Oversimplification in Empirical Model
The empirical model, while simple, lacks the nuance to accurately capture the complex interplay of factors in milling force. It relies on fitting experimental data to a predetermined function, which can lead to oversimplification and inaccuracies, especially when applied to thin-walled workpieces or micro-milling where size effects and other intricacies become significant.
Idealized Conditions in Finite Element Model
While finite element analysis offers greater depth, the ideal conditions assumed in simulations (perfectly sharp tools, no vibrations, etc.) deviate significantly from real-world machining scenarios. This discrepancy can lead to inaccuracies in force predictions and hinder the model's practical applicability, especially for high-precision tasks.
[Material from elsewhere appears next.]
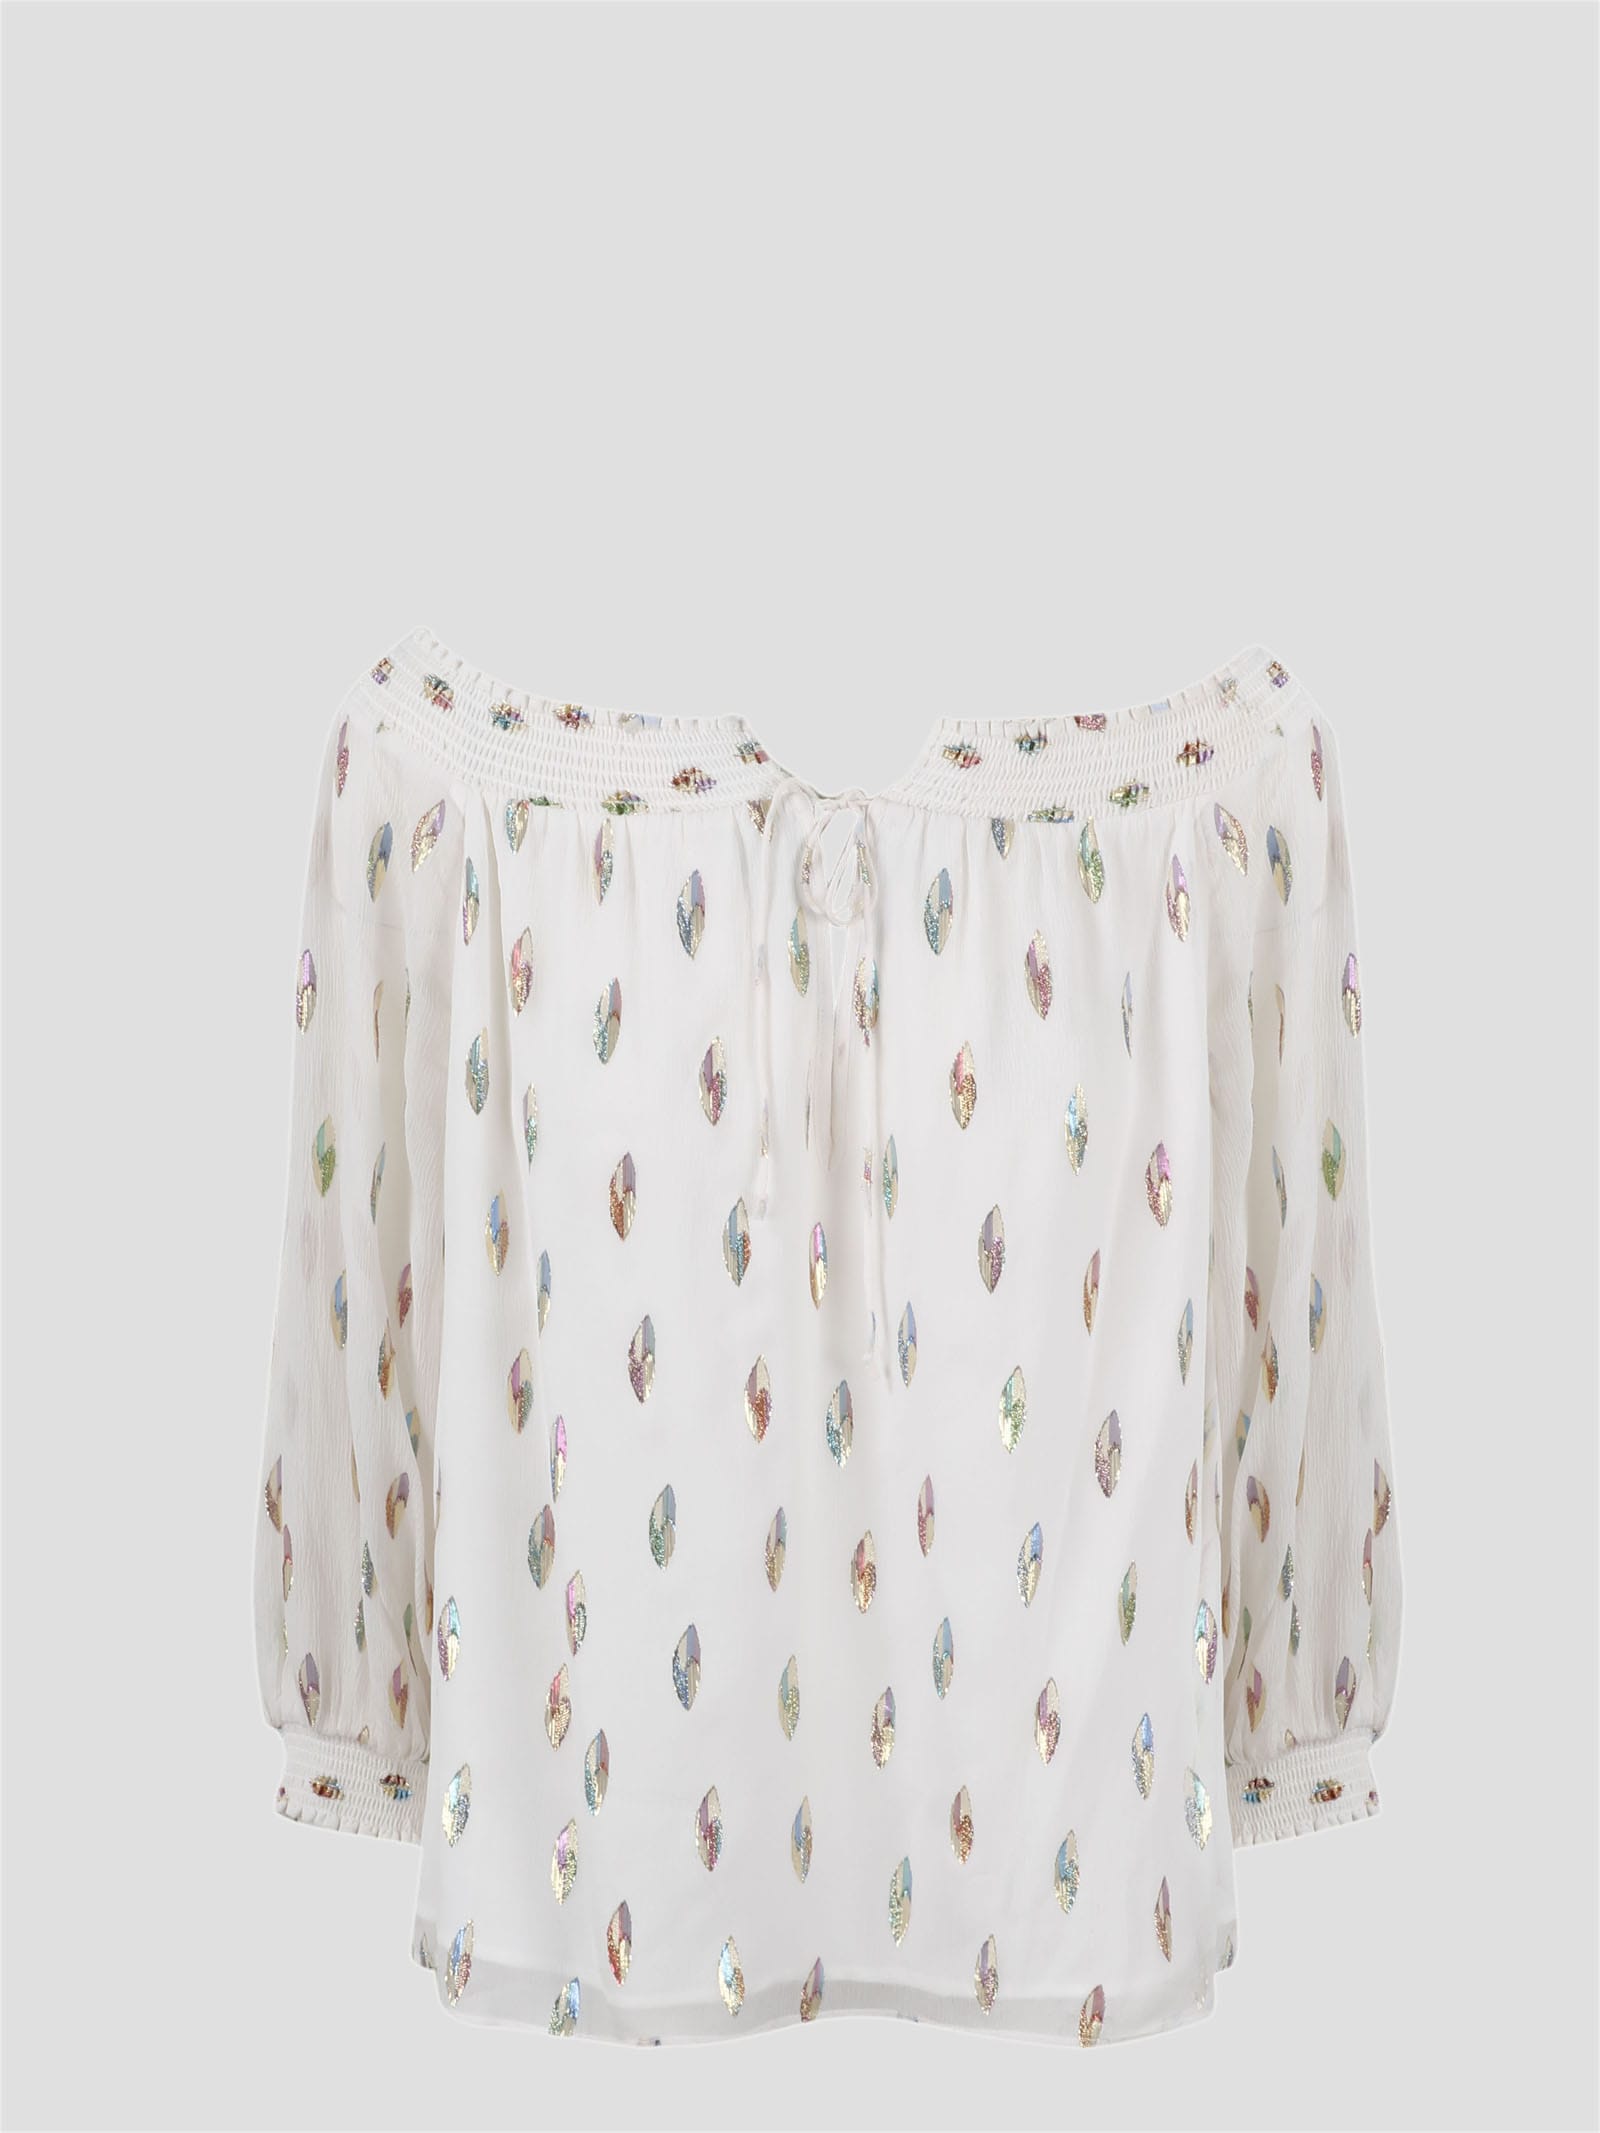 SEE BY CHLOÉ Blouses | ModeSens

Limited Scope of Lubrication Methods
The study primarily focuses on conventional dry or flood lubrication milling, neglecting the increasingly prevalent and environmentally friendly minimum quantity lubrication (MQL) and nanofluid MQL (nMQL) methods. This omission limits the applicability of the findings to modern machining practices.
The paper lacks a comprehensive database incorporating various materials, tools, coatings, and working conditions. This gap hinders the development of truly universal models applicable across diverse machining scenarios.
Neglect of Workpiece Chatter
The models do not adequately account for workpiece chatter, a critical factor affecting machining quality, especially in thin-walled parts. This oversight compromises the accuracy of force predictions and the ability to optimize for chatter-free machining.